> EXERCISE OBJECTIVE
For the data below, give again exactly the lines from the one containing "Photo of Motor" through the one containing "Moon Wheels 110mm 85A - Pink of 6)", both ends included, and no others.

Data entries
[Start of Attachment]
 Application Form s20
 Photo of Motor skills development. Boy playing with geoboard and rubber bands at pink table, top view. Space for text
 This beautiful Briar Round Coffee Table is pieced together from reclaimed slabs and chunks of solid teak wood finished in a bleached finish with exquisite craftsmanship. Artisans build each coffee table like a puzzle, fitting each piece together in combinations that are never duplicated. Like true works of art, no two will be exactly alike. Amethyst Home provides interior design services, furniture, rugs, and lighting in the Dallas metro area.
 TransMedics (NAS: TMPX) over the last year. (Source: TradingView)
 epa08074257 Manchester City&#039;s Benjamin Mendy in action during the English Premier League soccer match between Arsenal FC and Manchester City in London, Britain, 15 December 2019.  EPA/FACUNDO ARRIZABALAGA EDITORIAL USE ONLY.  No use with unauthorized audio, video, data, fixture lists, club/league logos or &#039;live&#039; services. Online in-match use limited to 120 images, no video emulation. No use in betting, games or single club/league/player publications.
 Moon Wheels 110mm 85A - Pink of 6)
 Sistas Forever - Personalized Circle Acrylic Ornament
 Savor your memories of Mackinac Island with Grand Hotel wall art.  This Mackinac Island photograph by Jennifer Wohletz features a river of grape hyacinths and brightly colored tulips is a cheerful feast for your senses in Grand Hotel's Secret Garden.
[End of Attachment]
> WRITTEN RESPONSE
 Photo of Motor skills development. Boy playing with geoboard and rubber bands at pink table, top view. Space for text
 This beautiful Briar Round Coffee Table is pieced together from reclaimed slabs and chunks of solid teak wood finished in a bleached finish with exquisite craftsmanship. Artisans build each coffee table like a puzzle, fitting each piece together in combinations that are never duplicated. Like true works of art, no two will be exactly alike. Amethyst Home provides interior design services, furniture, rugs, and lighting in the Dallas metro area.
 TransMedics (NAS: TMPX) over the last year. (Source: TradingView)
 epa08074257 Manchester City&#039;s Benjamin Mendy in action during the English Premier League soccer match between Arsenal FC and Manchester City in London, Britain, 15 December 2019.  EPA/FACUNDO ARRIZABALAGA EDITORIAL USE ONLY.  No use with unauthorized audio, video, data, fixture lists, club/league logos or &#039;live&#039; services. Online in-match use limited to 120 images, no video emulation. No use in betting, games or single club/league/player publications.
 Moon Wheels 110mm 85A - Pink of 6)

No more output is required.